Re: Curiouser and Curiouser
As Pascal says, he moved company. You may have to read between the lines, but it's fairly clear in the article.
After inventing the "thing", he assigned the patent to Cisco - fairly common that employers want the patents on things their employees invent as part of their employment. So Cisco, not he, owns the patent.
After that, he left and (with other Cisco employees) startup up another networking gear company - Arista. Now it stands to reason that some of the things they'd like to sell would infringe said patent, so they have three options : 1) Say "pretty please" to Cisco and buy a licence on whatever terms Cisco may (or may not) want to give them; 2) avoid infringing on the patent (which may mean leaving features out of the product); or 3) challenge the validity of the patent. Don't forget that other than in the case of a standards required patent (ie something that's incorporated into a standard*), Cisco do not have to licence the invention if they don't want to - they can refuse and so prevent any other vendor from taking advantage of the invention. And if they do licence it, they can name their own terms - which could be quite expensive.
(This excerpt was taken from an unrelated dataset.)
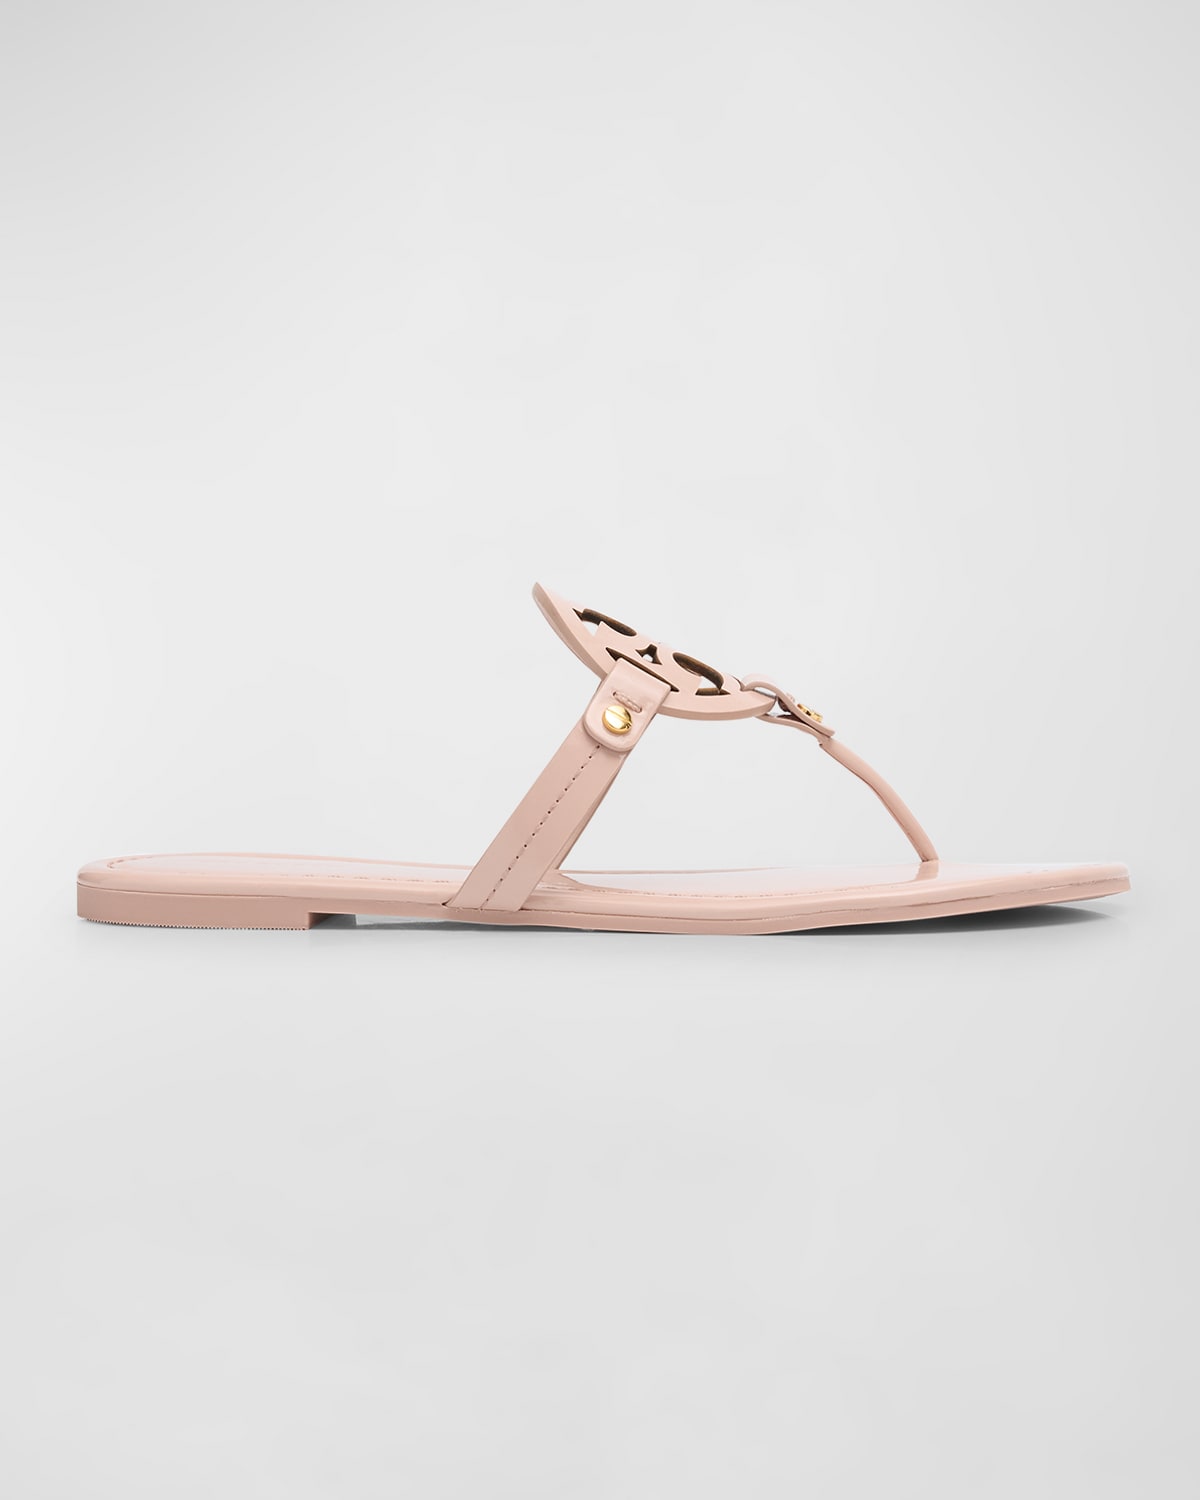 Tory Burch Miller Leather Sandals | Neiman Marcus

So here, it was Arista that challenged the patent, and presumably this happened before Cheriton left. But either way, strictly speaking, it's not the inventor challenging the patent, it's his company.
* Where a patented method is incorporated into a standard, there's normally a FRAND clause attached - the holder of the patent must licence it to anyone on a Fair, Reasonable, And Non-Discriminatory basis. This is to avoid someone getting their patented method included in a standard, and then being able to to hold everyone else to ransom - or even block certain competitors from using it at all.